Several limitations warrant consideration. First, the Delphi process relied on a panel of five experts from a single institution. Although the panel was composed of senior specialists with substantial clinical and academic experience, and the consensus process was rigorously structured, the relatively small and homogeneous panel may limit the generalizability of the developed item set. Second, the 50-question set, although designed via the Delphi method, may not comprehensively reflect the full spectrum of orthodontic health knowledge relevant to the public11. Third, this study assessed AI-generated responses only in a simulated digital context; no human participants or real-world behavioral metrics were involved36. Thus, the educational impact on actual learning outcomes or decision-making processes was not measured. Fourth, key elements such as explanatory adequacy, source verifiability, and cultural contextualization were not assessed, despite their critical role in ensuring the safe and meaningful application of AI tools in public health education37. Additionally, the lack of a human comparison group limits the contextual understanding of model performance. Future studies should include participants such as laypersons and orthodontic patients to establish benchmarks for accuracy and reliability38. Such comparisons are crucial for evaluating the practical role of AI in supporting oral health literacy among the general public.

While this study focused on the comparative performance of two LLMs in orthodontic health education tasks, its scope was intentionally limited to a pairwise evaluation using a structured but concise question set. This exploratory design was not intended as a comprehensive benchmark, but rather as a foundational assessment. Notably, in contrast to prior dental/health-literacy evaluations that emphasized single-language, single-session accuracy, the present design integrates a bilingual, expert-validated item set, repeated measurements across days/sessions, and latency as a usability endpoint. This combination broadens the evidentiary base from correctness alone to include stability and user-relevant speed, improving interpretability for clinical and educational settings. Building upon this methodological advancement, future research should expand to include larger model cohorts, broader question banks, and multi-dimensional evaluation frameworks encompassing explanation quality, source transparency, and user learning outcomes.
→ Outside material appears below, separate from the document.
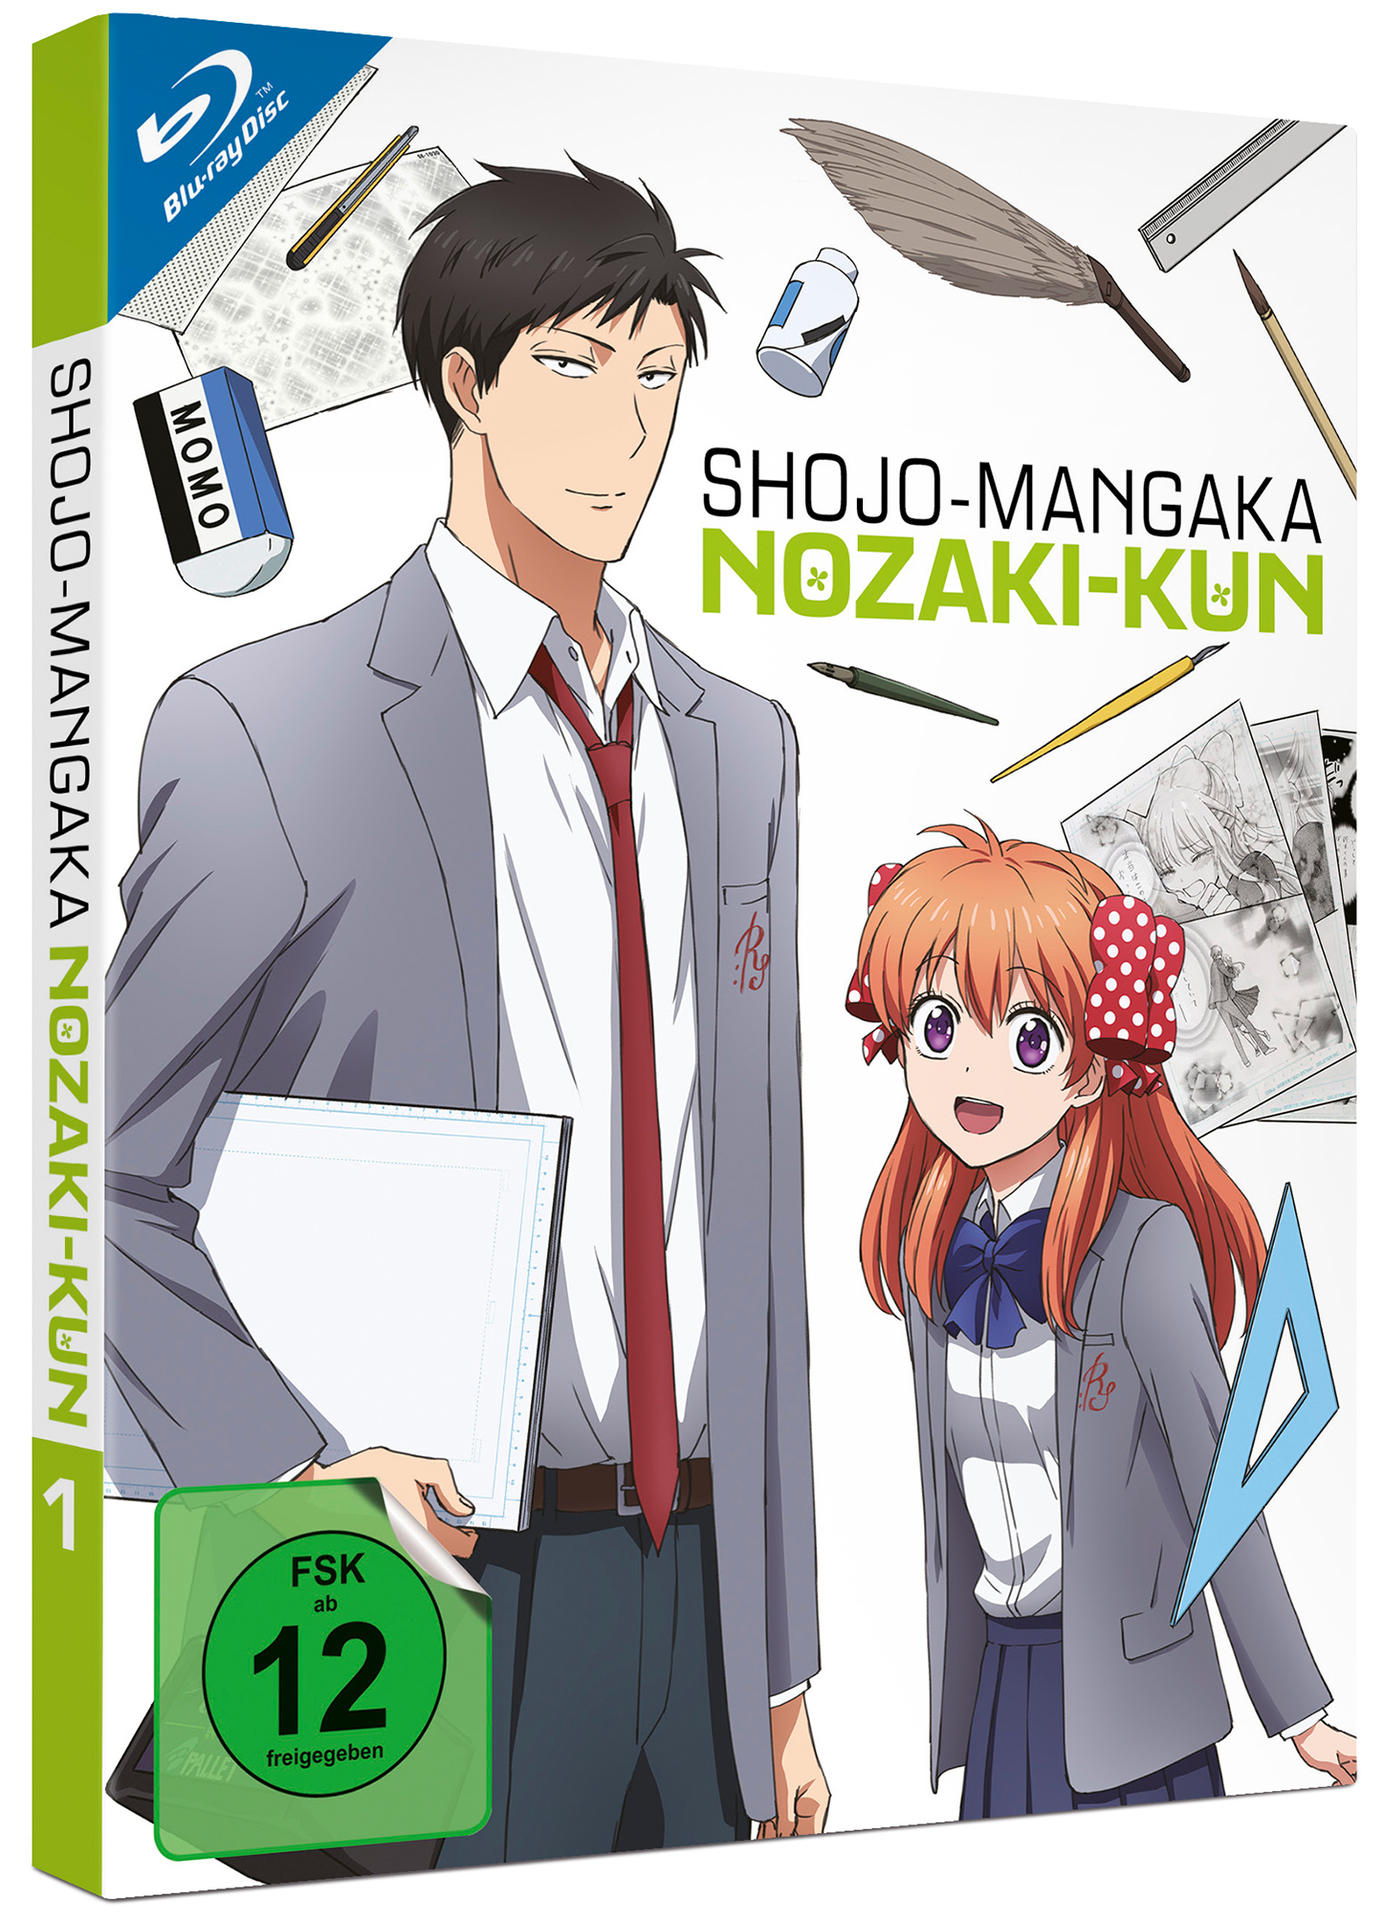 (Ep. Shojo-Mangaka 1-4) Nozaki-Kun 1 Blu-ray Vol.

AI holds strong potential as a complementary educational resource in the field of orthodontic health literacy. The findings of this study support the feasibility of applying general-purpose LLMs, such as ChatGPT-4o and DeepSeek, to simulate patient education scenarios across languages. As the accuracy and linguistic adaptability of these systems continue to evolve, they may become increasingly useful in health communication and public dental education.

Conclusion

This study demonstrates that while both ChatGPT-4o and DeepSeek perform well in orthodontic health literacy tasks, ChatGPT-4o significantly outperforms DeepSeek in Chinese accuracy (91.3% vs. 83.6%) and response speed (1.9s vs. 5.2s). These findings indicate that while both models are generally competent, ChatGPT-4o’s combination of linguistic advantage and superior efficiency makes it more suitable for clinical applications requiring timely and accurate information delivery.